Group array into array of tuples - odd length

Question

Assuming I have a path such as /resource/123/resourceb/b/someotherresource/. In this case someotherresource has no resource id. This example has 3 resources, but I need to handler anywhere between 1-4 resources.

What is a pythonic way to split it into [(a,b), (c,d), (e, None)]

Example:

x =  '/resource/123/resourceb/b/someotherresource/'
xplit = x.split('/')
>>> [ 'resource', '123', 'resourceb', 'b', 'someotherresource']
import magic
# ideal result
>>> [ ('resource', '123'), ('resourceb', 'b'), ('someotherresource', None)]

I know I can do it the stupid way, but is there a simple way to split & pair an array of odd length ?

Would adapting [this answer](http://stackoverflow.com/questions/312443/how-do-you-split-a-list-into-evenly-sized-chunks-in-python) to handle odd numbers do the trick, or is that the stupid way of which you speak. — cms_mgr, Feb 04 '13 at 17:47
@cms_mgr The top answer to that question is sub-optimal as it only works on sequences, not arbitrary iterables. — Gareth Latty, Feb 04 '13 at 17:49

Martijn Pieters · Answer 1 · 2013-02-04T17:50:22.663

2

Use itertools.izip_longest() and iter magic:

import itertools
list(itertools.izip_longest(*[iter(xplit[1:])]*2))

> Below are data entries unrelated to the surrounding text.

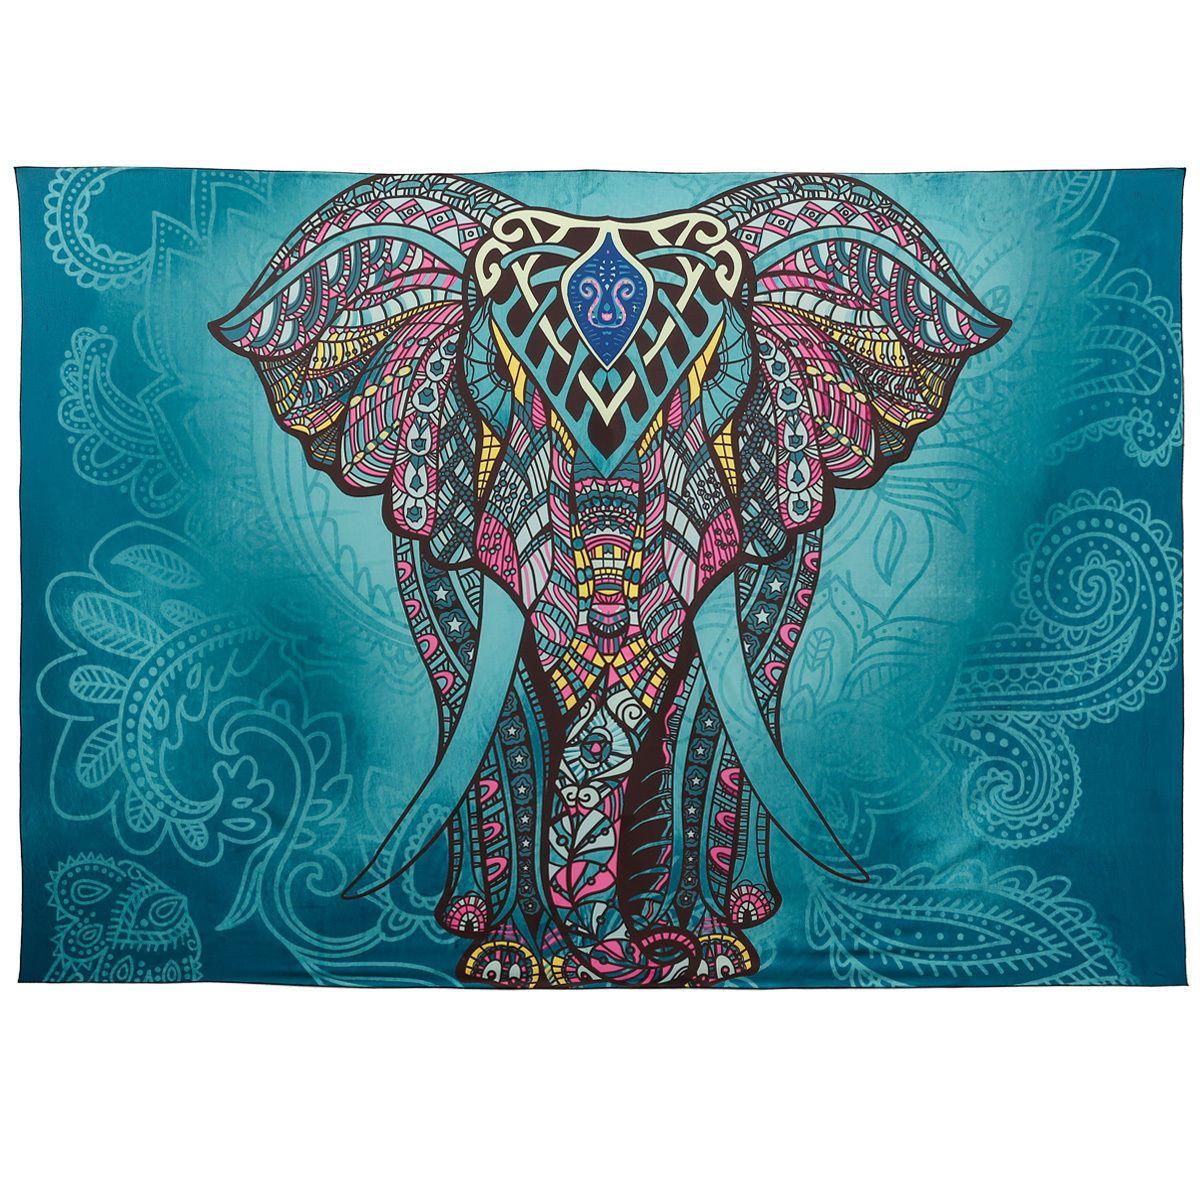 http://www.ebay.de/itm/Indisch-Mandala-Bunt-Elefant-Design ...
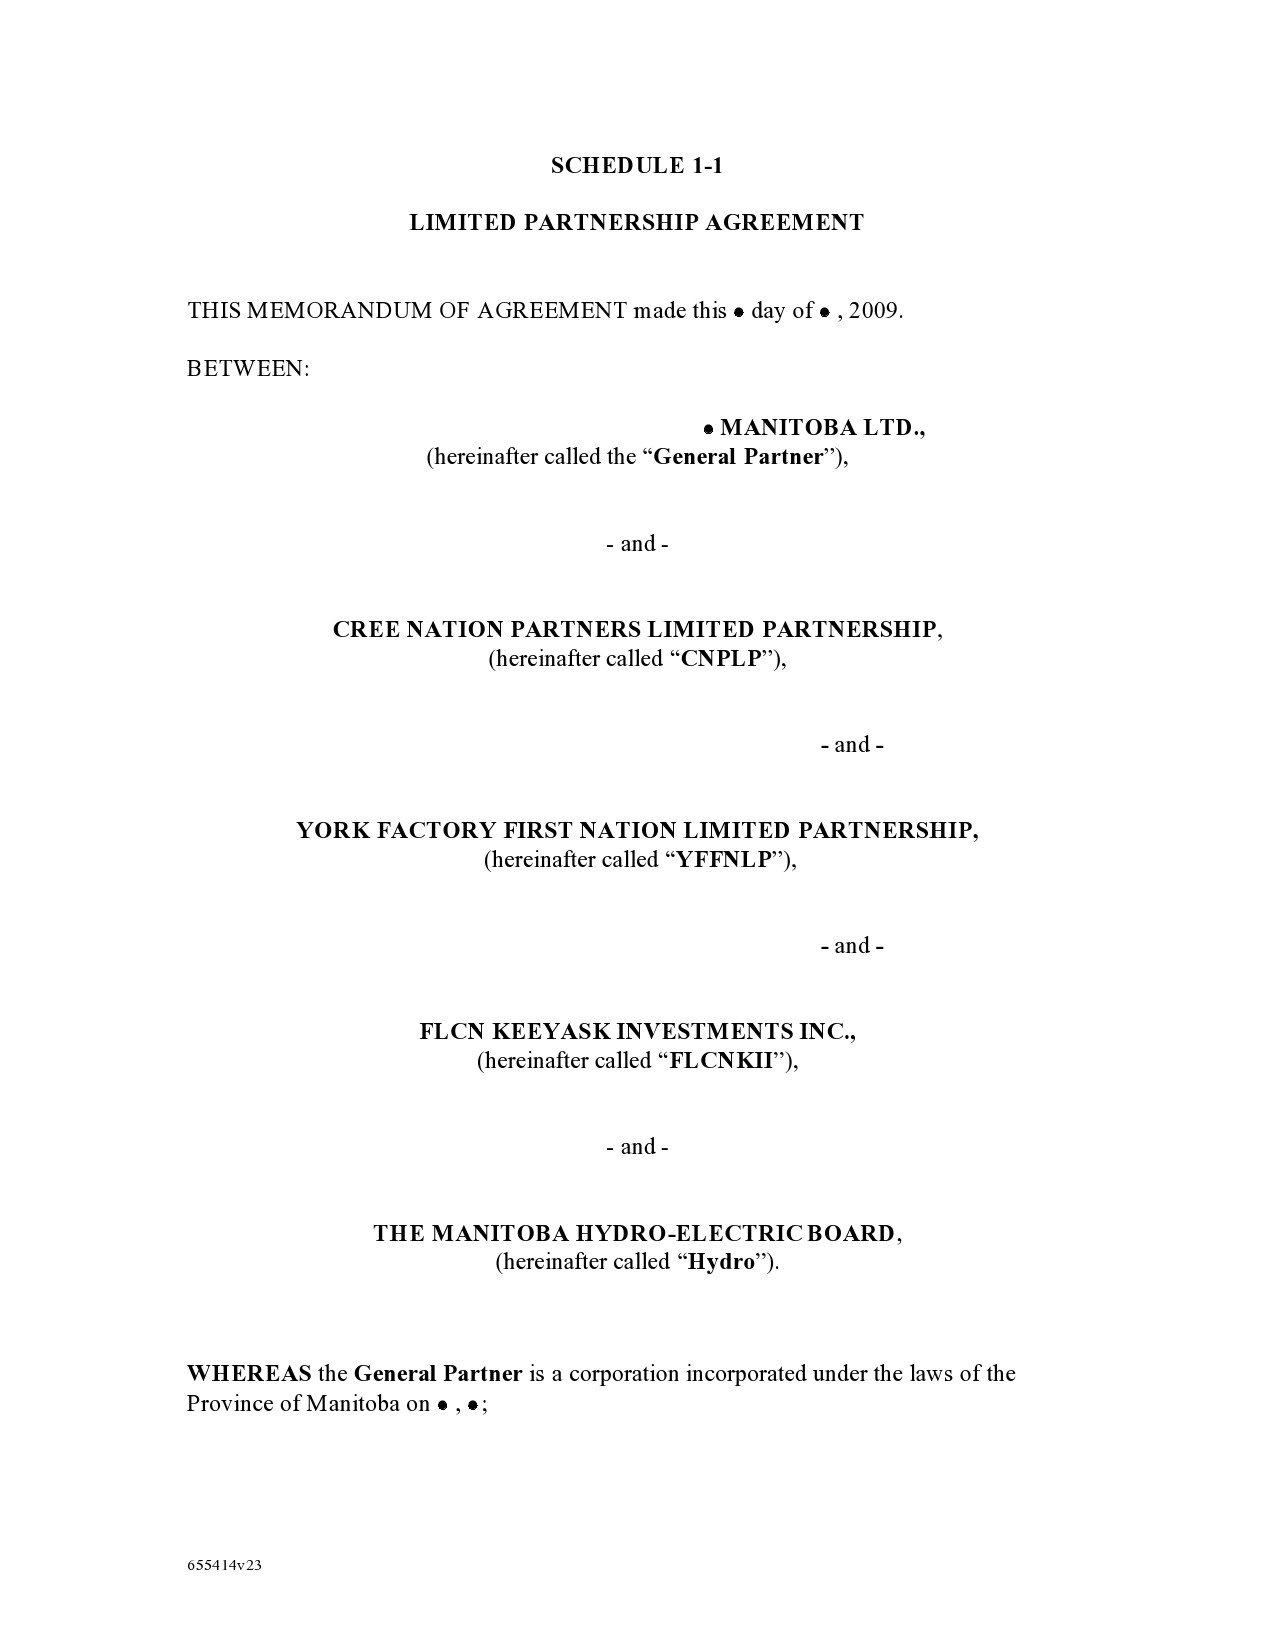 Free limited partnership agreement 14
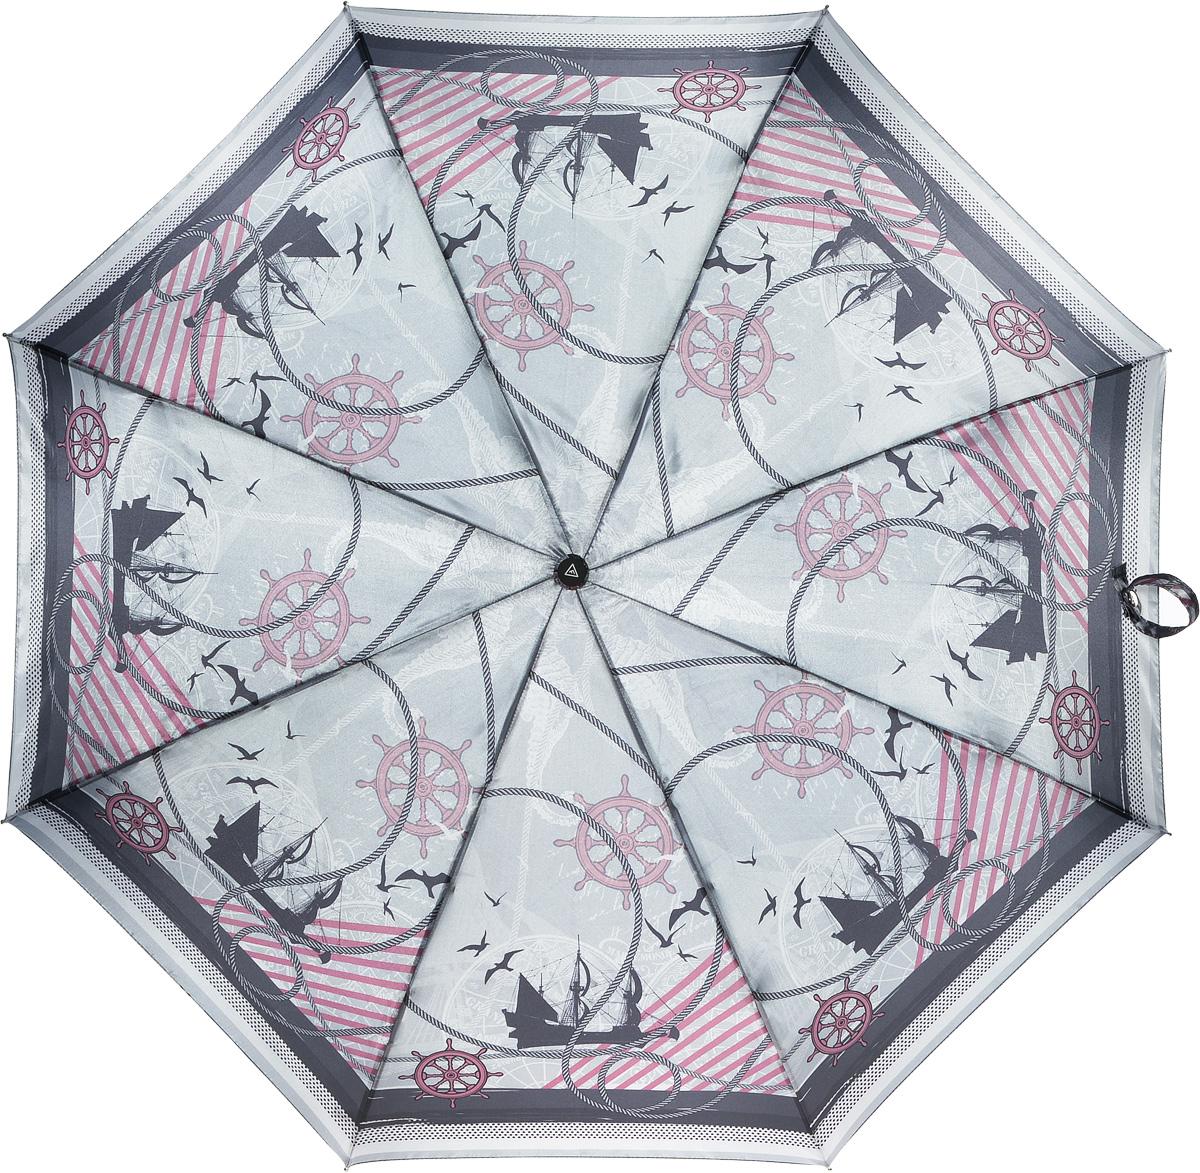 Зонт женский Fabretti, автомат, 3 сложения. L-16104-5L-16104-5Зонт женский Fabretti, облегченный суперавтомат, 3 сложения

We start at index 1 because the leading / slash gives you an empty element at the start.

Alternatively, strip of the slashes at start and end:

list(itertools.izip_longest(*[iter(x.strip('/').split('/'))]*2))

Output:

>>> list(itertools.izip_longest(*[iter(x.strip('/').split('/'))]*2))
[('resource', '123'), ('resourceb', 'b'), ('someotherresource', None)]

Wrapped up as magic method:

import itertools

def split_to_pairs(path):
    path = path.strip('/').split('/')
    return list(itertools.izip_longest(*[iter(path)]*2))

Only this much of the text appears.